Philly Democrats Are More Than Capable of Conspiracy

If you think there wasn't voter fraud on Election Day 2012, then you've never had a parking ticket fixed in this city.

“Myth is the hidden part of every story, the buried part, the region that is still unexplored because there are as yet no words to enable us to get there. Myth is nourished by silence as well as by words.”

I remembered that quote by the late great Italian journalist Italo Calvino when I read Post contributor Stephen Silver’s “‘Massive Voter Fraud’ in Philly Is a Myth.”

Al Capone used to like to say that organized crime in Chicago was a “myth.” And it was, until it was proved that it wasn’t.

I also remembered the image of infamous Philadelphia politician Jimmy Tayoun, the ghost of election days past. On the early morning of election day, he would sit at a table on the first floor of his Middle East restaurant on South Street. On the table was a stack of cash and a gun. If you asked, he would tell you, “The money is for the election. The gun is for the money.”

In Philadelphia, the money handed out to a legion of Democratic committee people and various other election day workers is called “walking around money” or “street money.” The word “bribes” is just so, well, criminal.

Maybe I am just fueling the “myth” with the assumption that the money made its way to voters. After all, the party bosses will tell you that the money is legal payment to the election day’s get-out-the -vote crew. But ask yourself this: Wouldn’t it be easier to pay them by check? I know, I know, checks can be such a pain … and traceable.

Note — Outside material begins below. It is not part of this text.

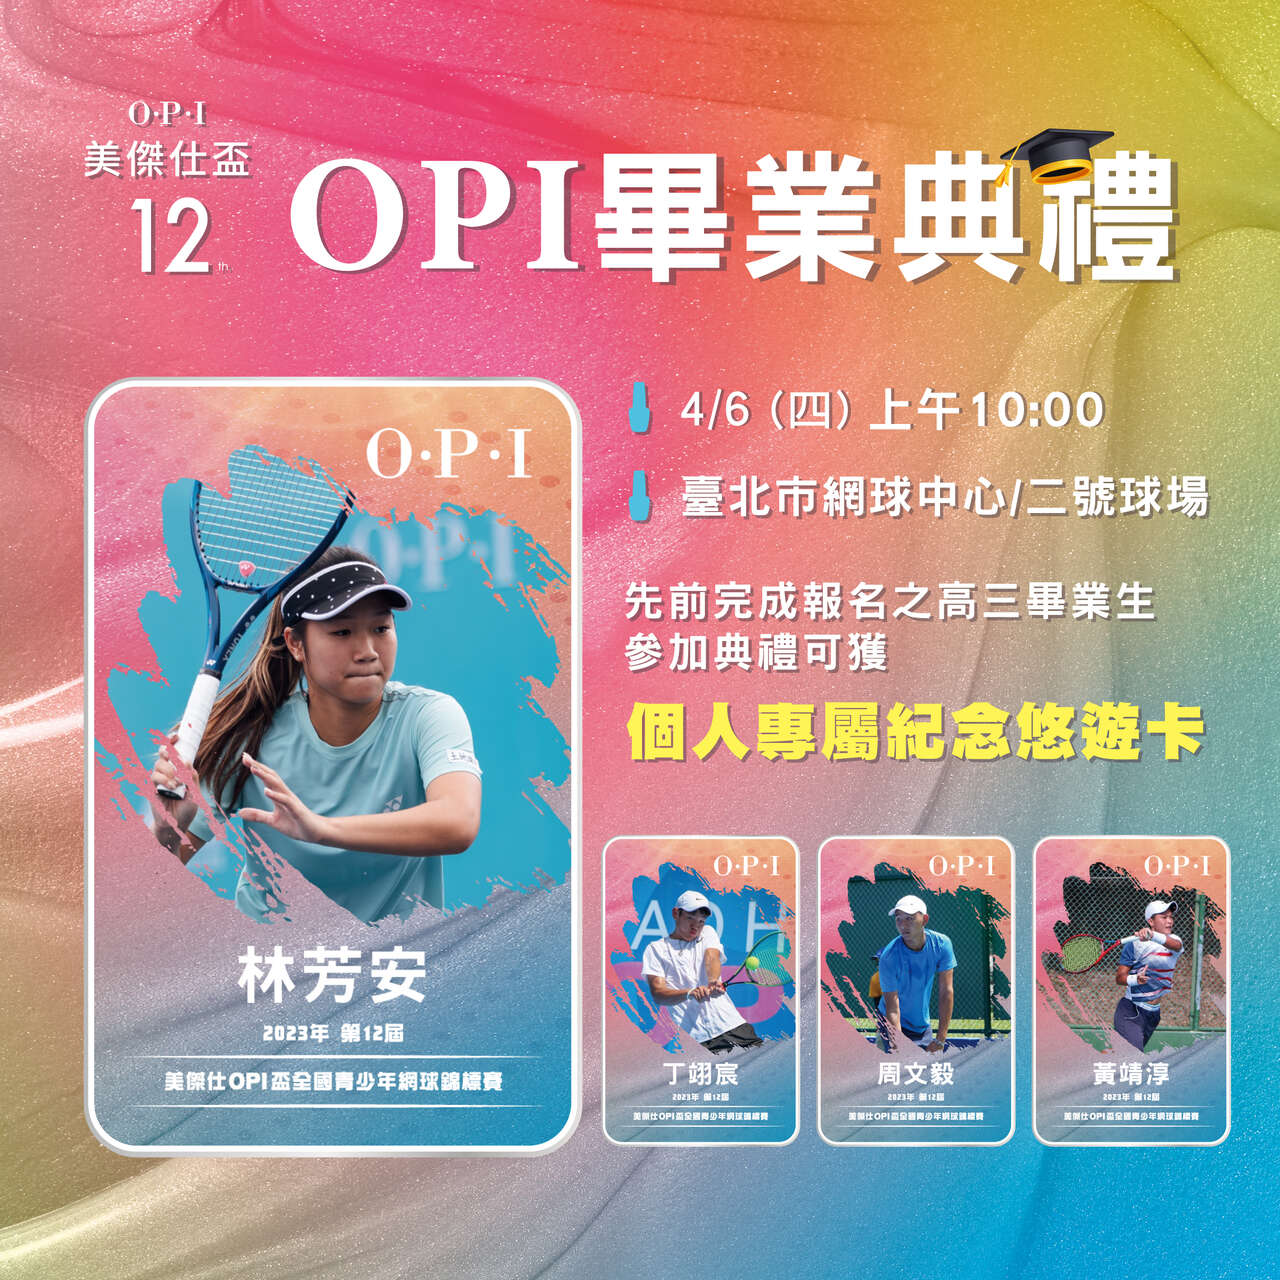 賽會舉辦OPI畢業典禮高三生可獲個人專屬紀念悠遊卡。海碩整合行銷提供

Former Philadelphia Mayor Frank Rizzo bragged that he would ticket more cars before election day so he could fix the tickets for votes. I thought of Hizzoner when I read last week’s report of an FBI investigation and a separate court investigation into ticket fixing that implicates Democratic Party Chief and Congressman Bob Brady. When I talked about the investigations on my radio show at IQ 106.6, a caller from South Philadelphia told me he had a dozen tickets fixed by his committeeman. In return, he told me, he just had to vote Democrat. He said he learned about the ticket fixing for votes from from his father. Ah, another heart warming South Philly family tradition.

I am gratified that Silver agrees with me that the recent election day expulsion of Republican poll-watchers from almost 80 Philadelphia polling places should be investigated. The difficult task is getting someone to investigate it.

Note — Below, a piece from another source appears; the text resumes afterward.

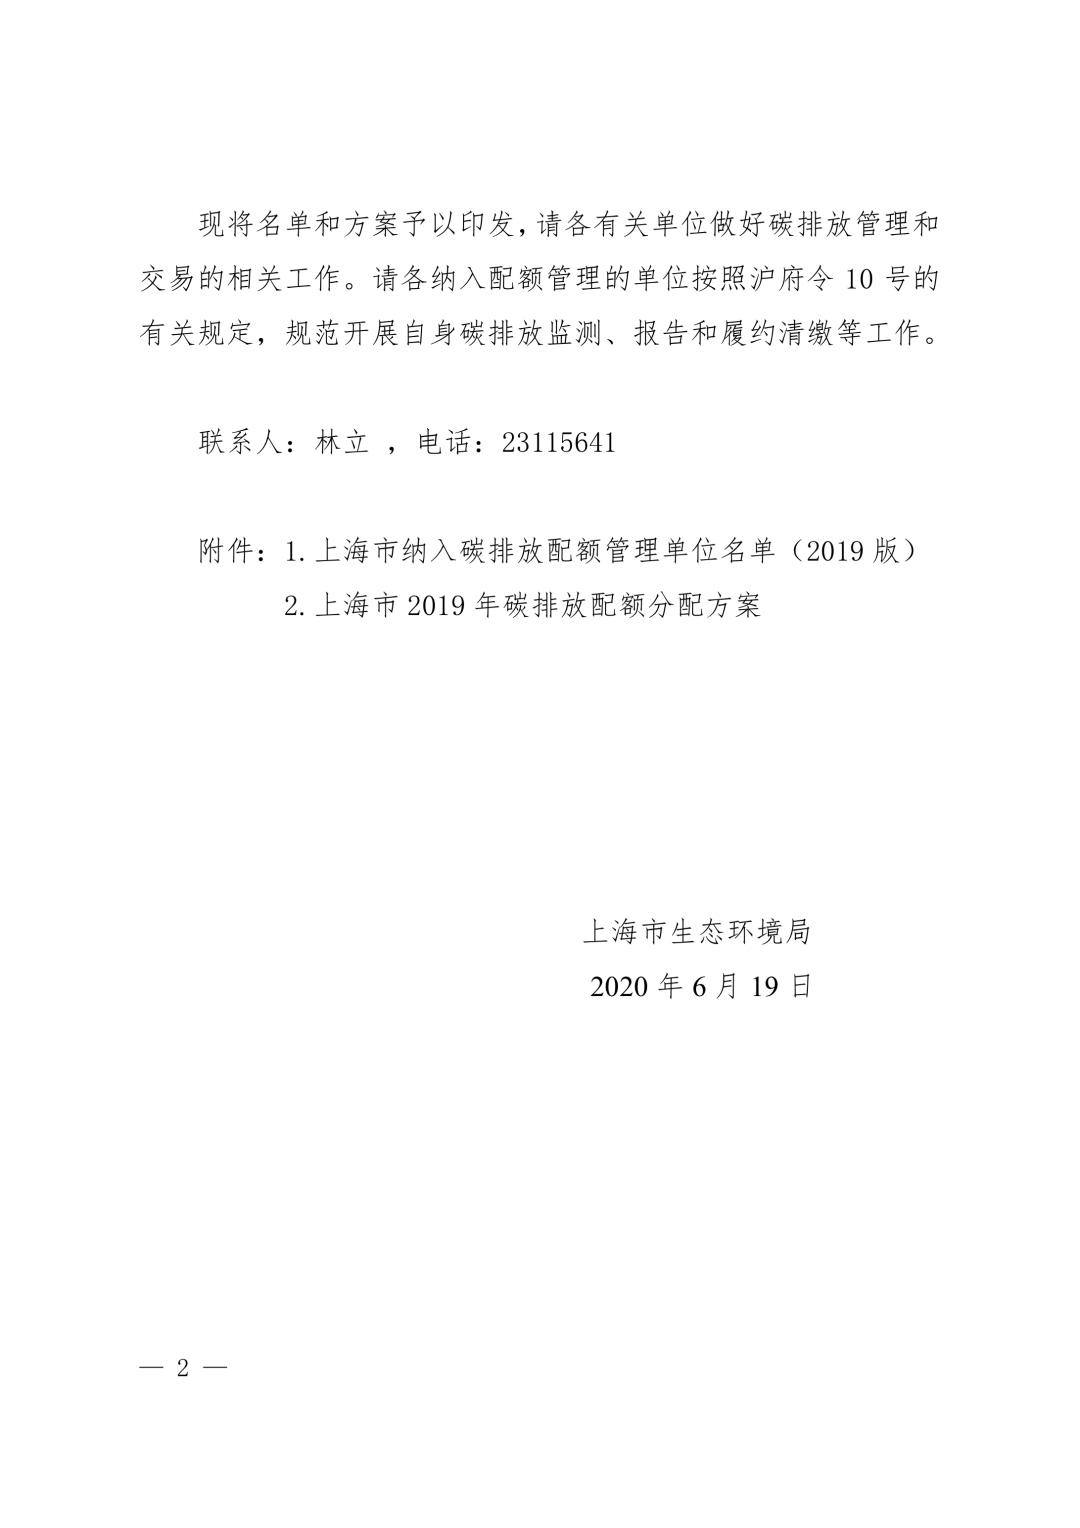 【关注】上海市生态环境局关于印发《上海市纳入碳排放配额管理单位名单（2019版）》及《上海市2019年碳排放配额分配方案》的通知(图2)

Neither the Pennsylvania Secretary of State nor Republicans in Harrisburg seem too interested. It seems asking politicians to look into voter fraud is like asking NASCAR racers to look into speeding. On my radio show, Al Schmidt, the co-chairman of the Philadelphia City Commissioners—the people who oversee city elections—said he will look into this year’s election and put together a report of possible problems. The report would be helpful evidence, but a full-scale investigation is still needed.

I get concerned when Silver and others discount voter fraud in Philadelphia as “impossible” because it would involve “a pretty large conspiracy.” Well, yes. But a conspiracy is just a large number of unscrupulous people with a common goal. That is a pretty good description of the Philadelphia Democratic Machine.

The first hint that some may have wanted to cheat is the millions spent this year to defeat Pennsylvania’s Voter ID law. The second hint is the bloated Philadelphia voter rolls. There were as many people registered to vote in the city as those eligible to vote, which is impossible, unless you conveniently forget to expunge the dead and those who moved out of the district. Without ID, anyone can claim to be one of the excess names on the voter rolls.

Silver is correct that without investigation, all of this just adds up to another Philadelphia myth, which, as Calvino says, is the hidden part of a story still to be explored. A court investigation and an FBI investigation into ticket fixing for votes and an analysis by City Commissioner Al Schmidt of the 2012 election starts that exploration, but if they don’t lead to a bigger investigation of voter fraud, it will always be hidden and too easily discounted as myth.